-- DATA SECTION follows --

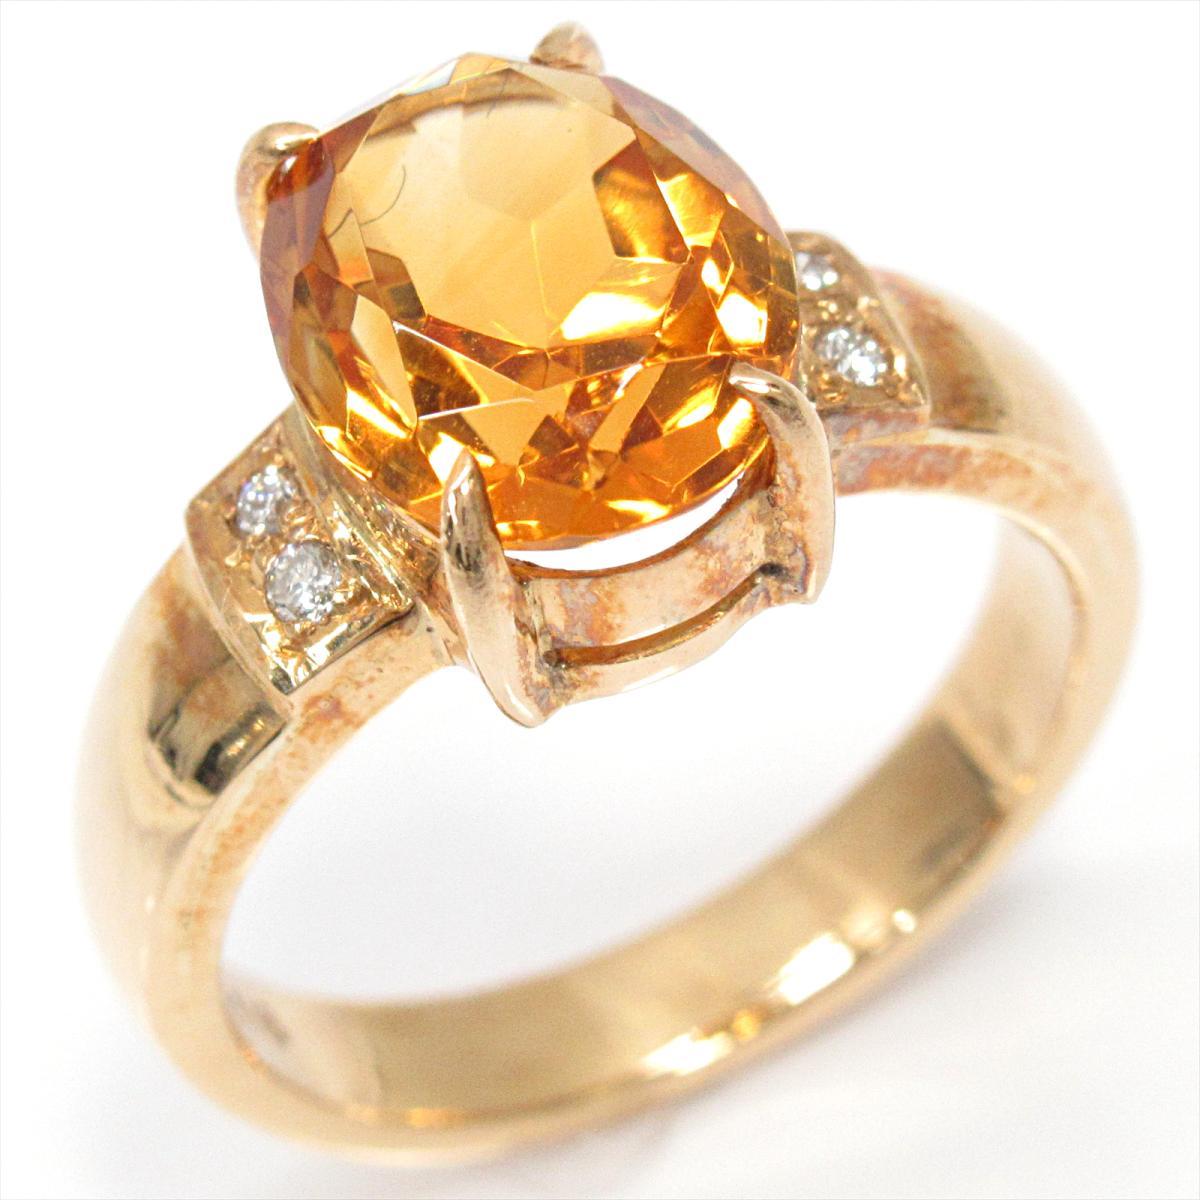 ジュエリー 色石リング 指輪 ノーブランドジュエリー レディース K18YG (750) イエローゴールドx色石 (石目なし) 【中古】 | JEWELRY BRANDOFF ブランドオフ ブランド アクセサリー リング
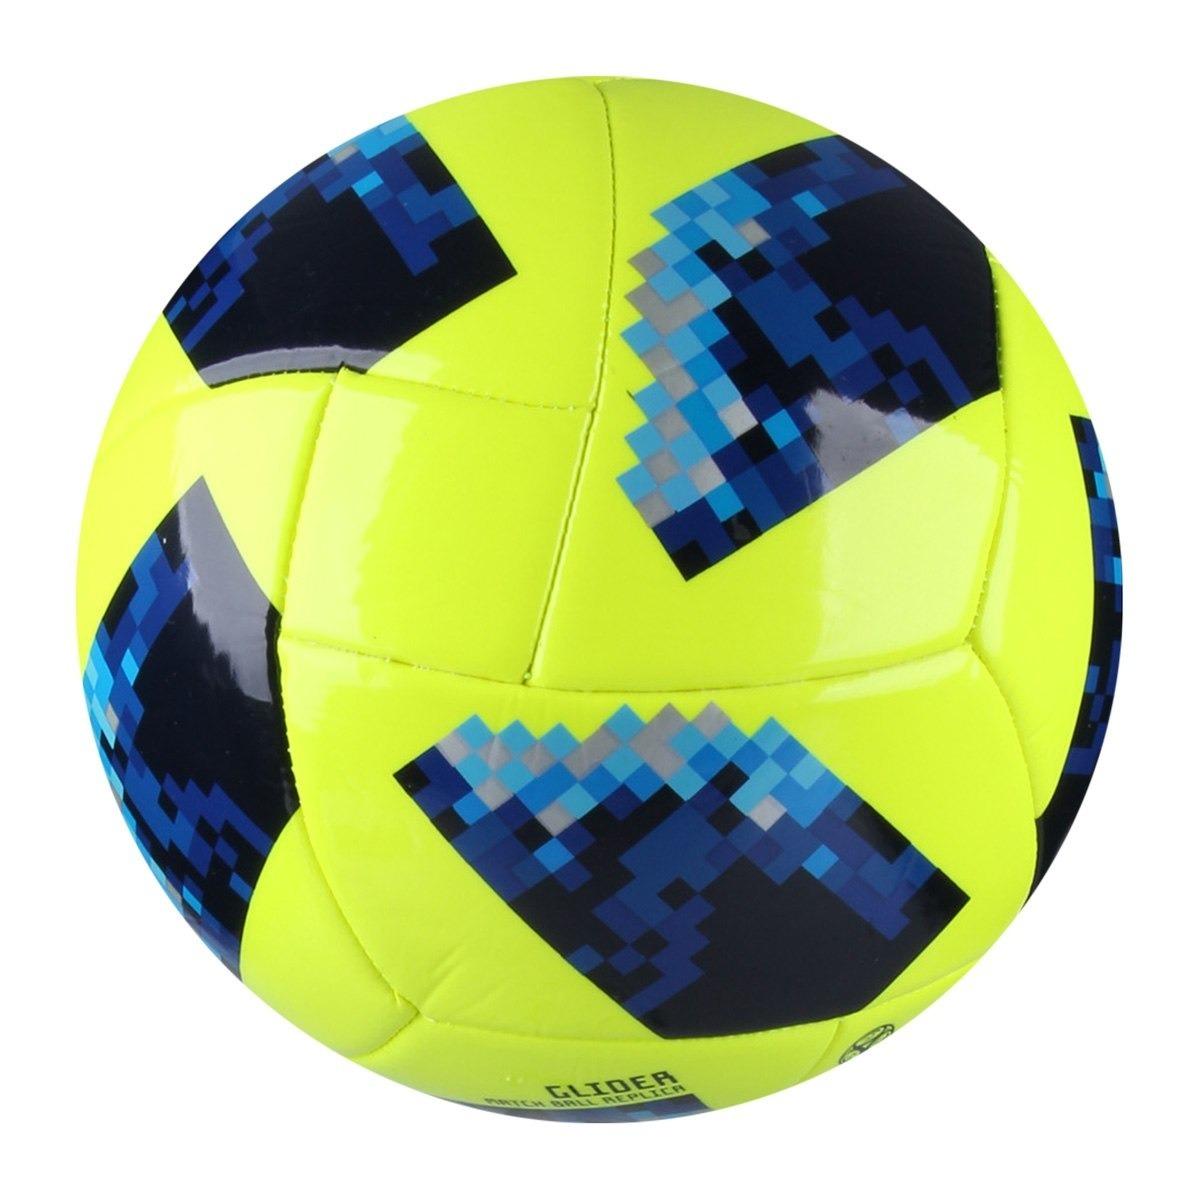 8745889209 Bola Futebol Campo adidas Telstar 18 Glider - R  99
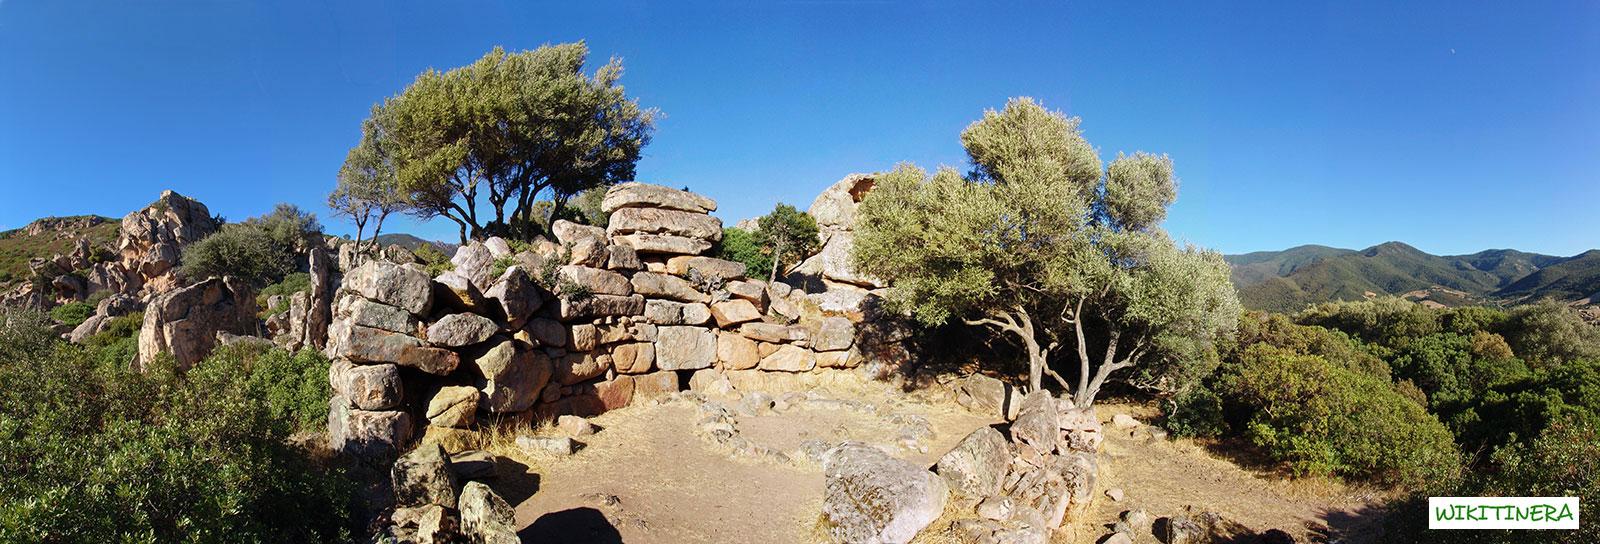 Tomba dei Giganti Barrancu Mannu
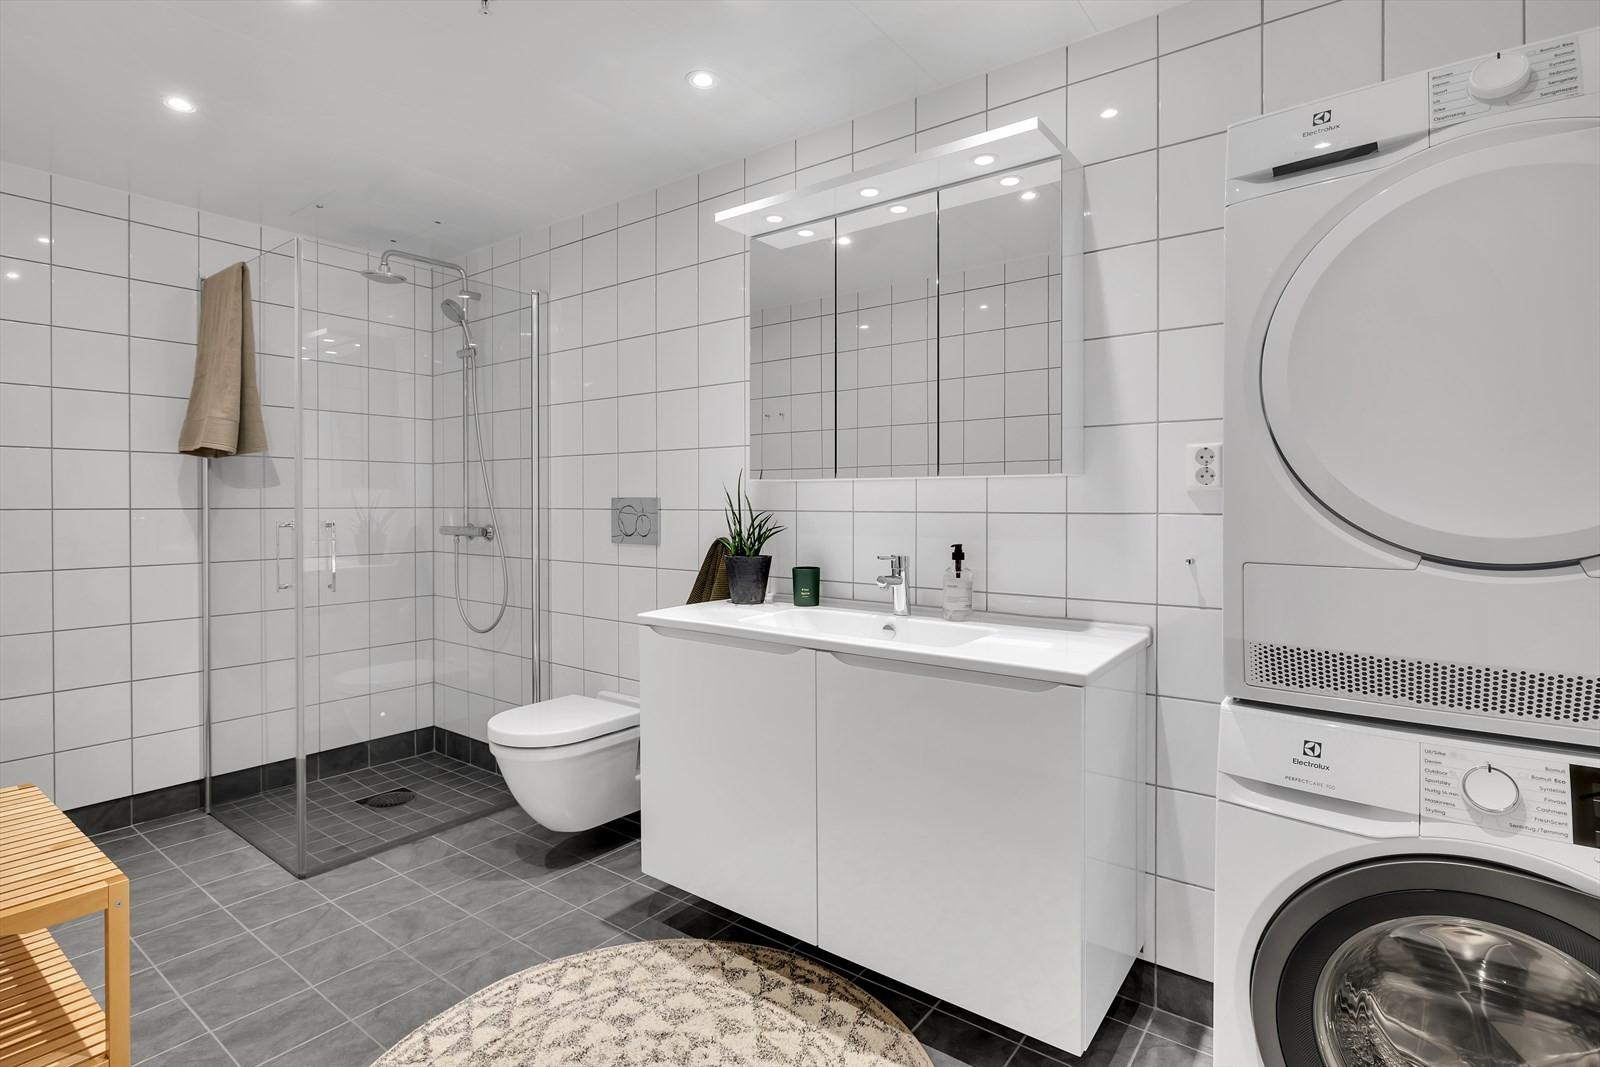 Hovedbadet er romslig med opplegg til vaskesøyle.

-- DATA SECTION concluded --

__EXERCISE GOAL__: Word for word, quote the lines above. Omit the pictures.

__SOLUTION BELOW__:
 ジュエリー 色石リング 指輪 ノーブランドジュエリー レディース K18YG (750) イエローゴールドx色石 (石目なし) 【中古】 | JEWELRY BRANDOFF ブランドオフ ブランド アクセサリー リング
 8745889209 Bola Futebol Campo adidas Telstar 18 Glider - R  99
 Tomba dei Giganti Barrancu Mannu
 Hovedbadet er romslig med opplegg til vaskesøyle.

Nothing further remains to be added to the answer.